Los síntomas principales son incapacidad de avanzar el tubo hacia la luz gástrica, pérdida de permeabilidad y fuga perigastrostomal7, aunque no siempre se presenta la tríada, ya que la impermeabilidad puede ser intermitente o presentarse solo fuga de contenido gástrico o síntomas de infección periestomal como edema, eritema y dolor. La dificultad para infundir los alimentos y la necesidad de mayor presión para hacerlo, o la pérdida del paso de la dieta, se presentará en estadios más avanzados cuando la oclusión es completa; en casos extremos, se palpará el botón interno bajo la piel. También se pueden encontrar datos en la anamnesis de una tracción fuerte del botón de gastrostomía7,8. Dentro de los factores de riesgo se mencionan postración, tracción ejercida sobre el dispositivo, falta de maniobras de prevención y niños o pacientes no cooperadores, lo que coincide con la paciente de este caso con parálisis cerebral. En relación con el dispositivo, un dato importante es el material, la forma de inserción y la distancia que queda entre el botón externo y la piel, y la tracción ejercida al usarla.

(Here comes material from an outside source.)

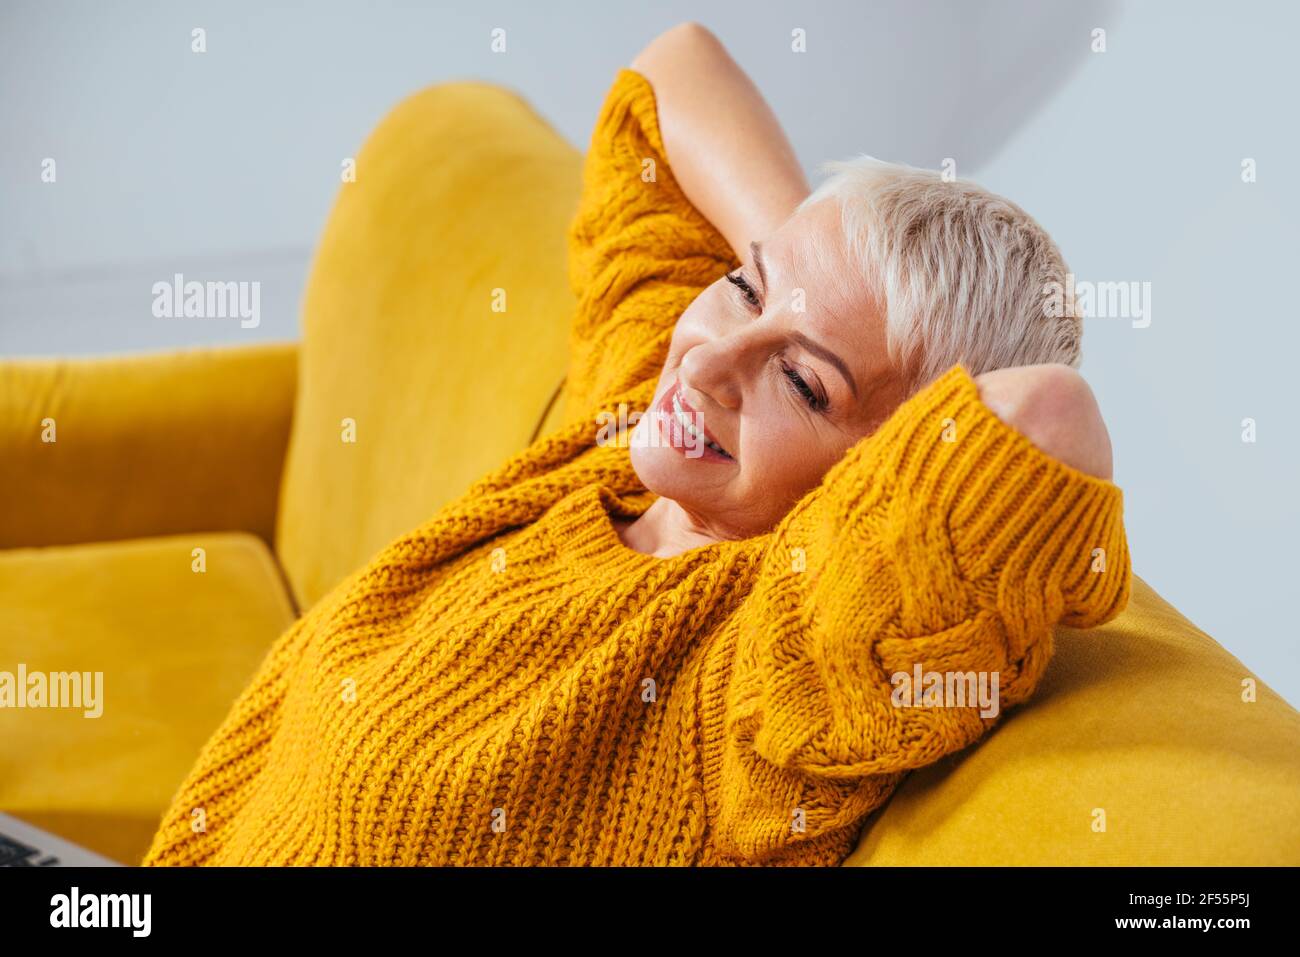 Smiling woman with hands behind back looking away while resting on sofa Stock Photo

Para el diagnóstico, los estudios de imagen son importantes ya que permiten determinar cuánto ha migrado el tope interno y si está permeable el trayecto. En la tomografía axial computarizada (TAC) se podrá observar un botón de gastrostomía migrado; con la fluoroscopia, si el tracto de la gastrostomía sigue abierto, es posible que el contraste llegue a la cavidad gástrica y hará pasar por alto el diagnóstico. La ecografía endoscópica (EUS) de la pared facilita la localización del tope interno para determinar el tratamiento quirúrgico o endoscópico4,5. La panendoscopia será el estudio que permitirá confirmar el diagnóstico, observar la ulceración de la mucosa si se encuentra en etapas tempranas o tejido de granulación que cubre el tope interno con o sin fístula residual visible; además, puede permitir el cambio de la GEP.
Se han postulado tres grados de severidad (9):
Grado 1: migración parcial. Varía desde asintomático a síntomas leves, como dolor abdominal o infección de la ostomía.
Grado 2: migración subtotal. Cursa con disfunción de la sonda y extravasación de la alimentación.
Grado 3: migración total. Se manifiesta con obstrucción de la sonda. Dada la baja incidencia, el tratamiento no está estandarizado dependiendo del tipo de dispositivo y la profundidad de la migración del tope interno.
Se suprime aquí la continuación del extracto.